Pelcra

Polish & English
Language Corpora
for Research
& Applications

Spelling and NUmbers Voice database

 

Description

SNUV (Spelling and NUmbers Voice database) is a spelling and number and recognition speech database containing over 220 hours of recordings of Polish speakers reading numbers and spelling words. 210 different participants were paid to produce a sample of their speech through an online spoken data collection platform. Written representation of the recordings is provided with the original sound files. The envisaged application of this resource is to enable the creation of automatic speech recognition (ASR) tools that allow users to spell out words and numbers to be recognized.
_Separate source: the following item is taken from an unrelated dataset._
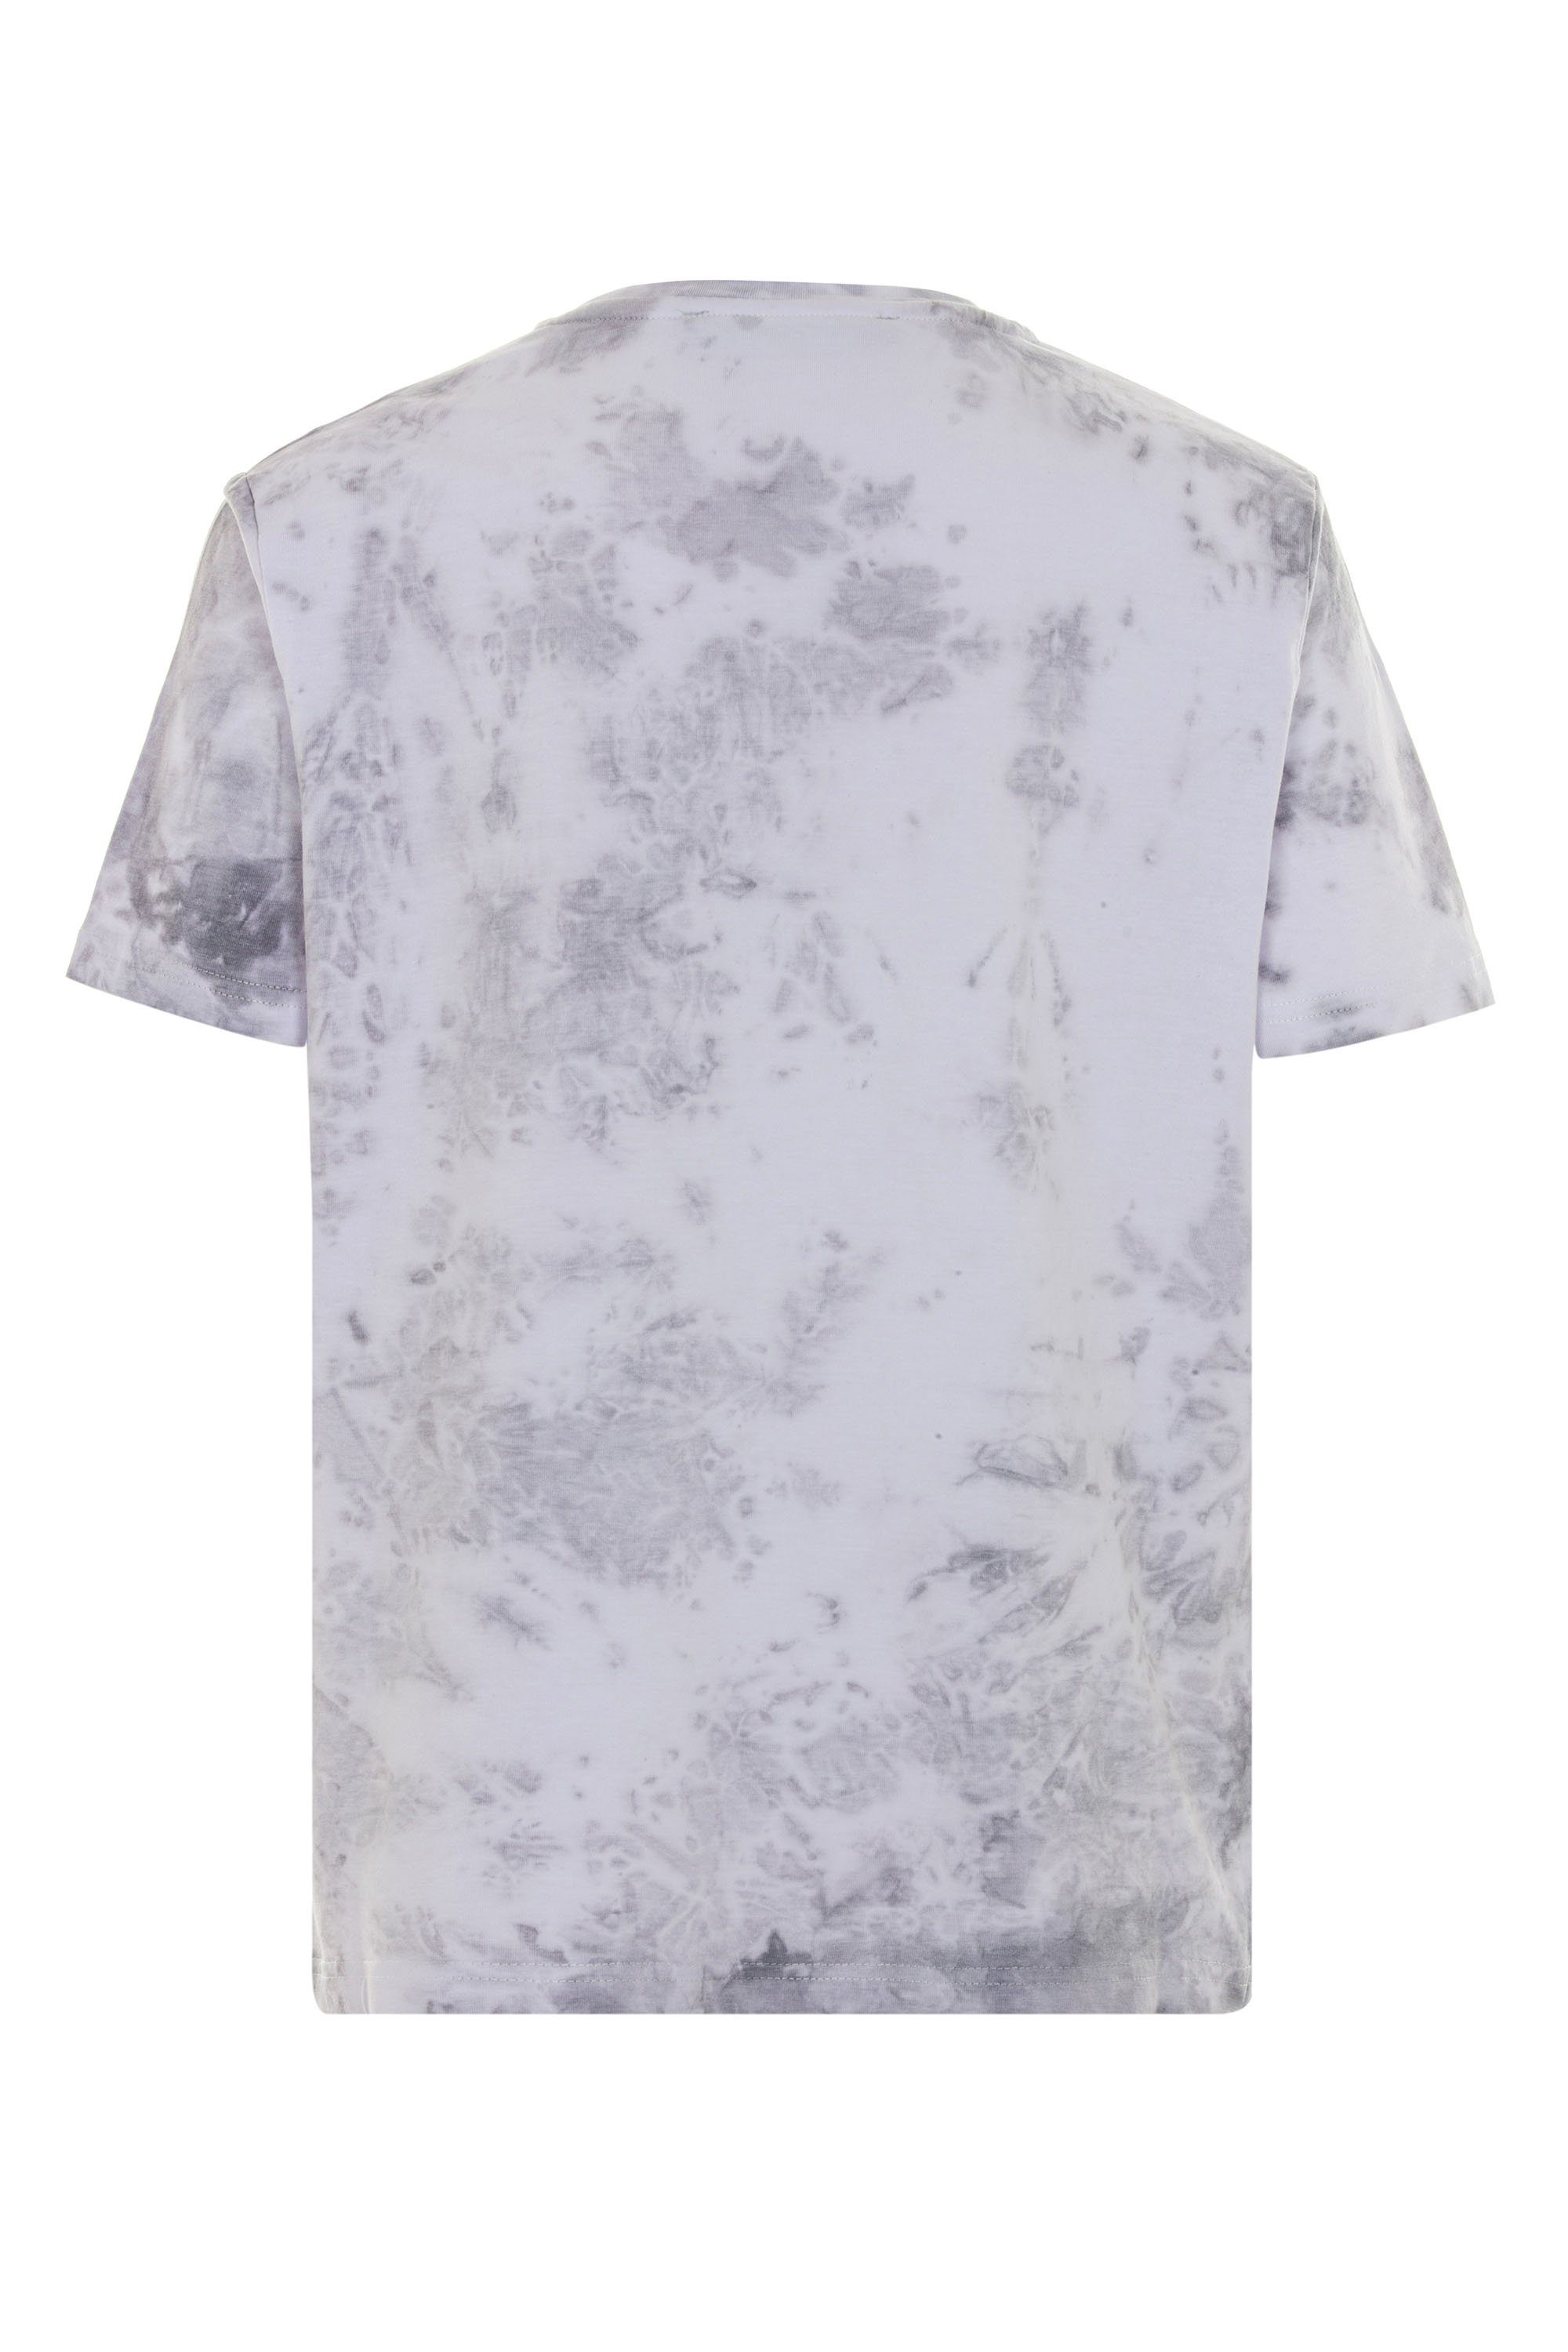 Baxx & grau mit coolem Motorrad-Print T-Shirt Cipo

SNUV has been released under a CC-BY license and can be used for commercial purposes free of charge.

Download the corpus

Download sample

Download database with additional information

 

Statistics

The corpus contains records of 210 speakers: 90 males and 120 females, aged between 11 and 69. The total wordcount of the corpus is 704625. The utterances are recorded as single channel, 22050 Hz, 16 bit *.wav files.

 

Creation

The corpus was created using a crowdsourcing approach. An external company named VoiceLab was commissioned to create a Web-based application for recording voice data and to find participants. Each participant was paid depending on the total length of provided recordings, up to 100 PLN (25 EUR). VoiceLab also processed the recordings in order to provide appropriate quality.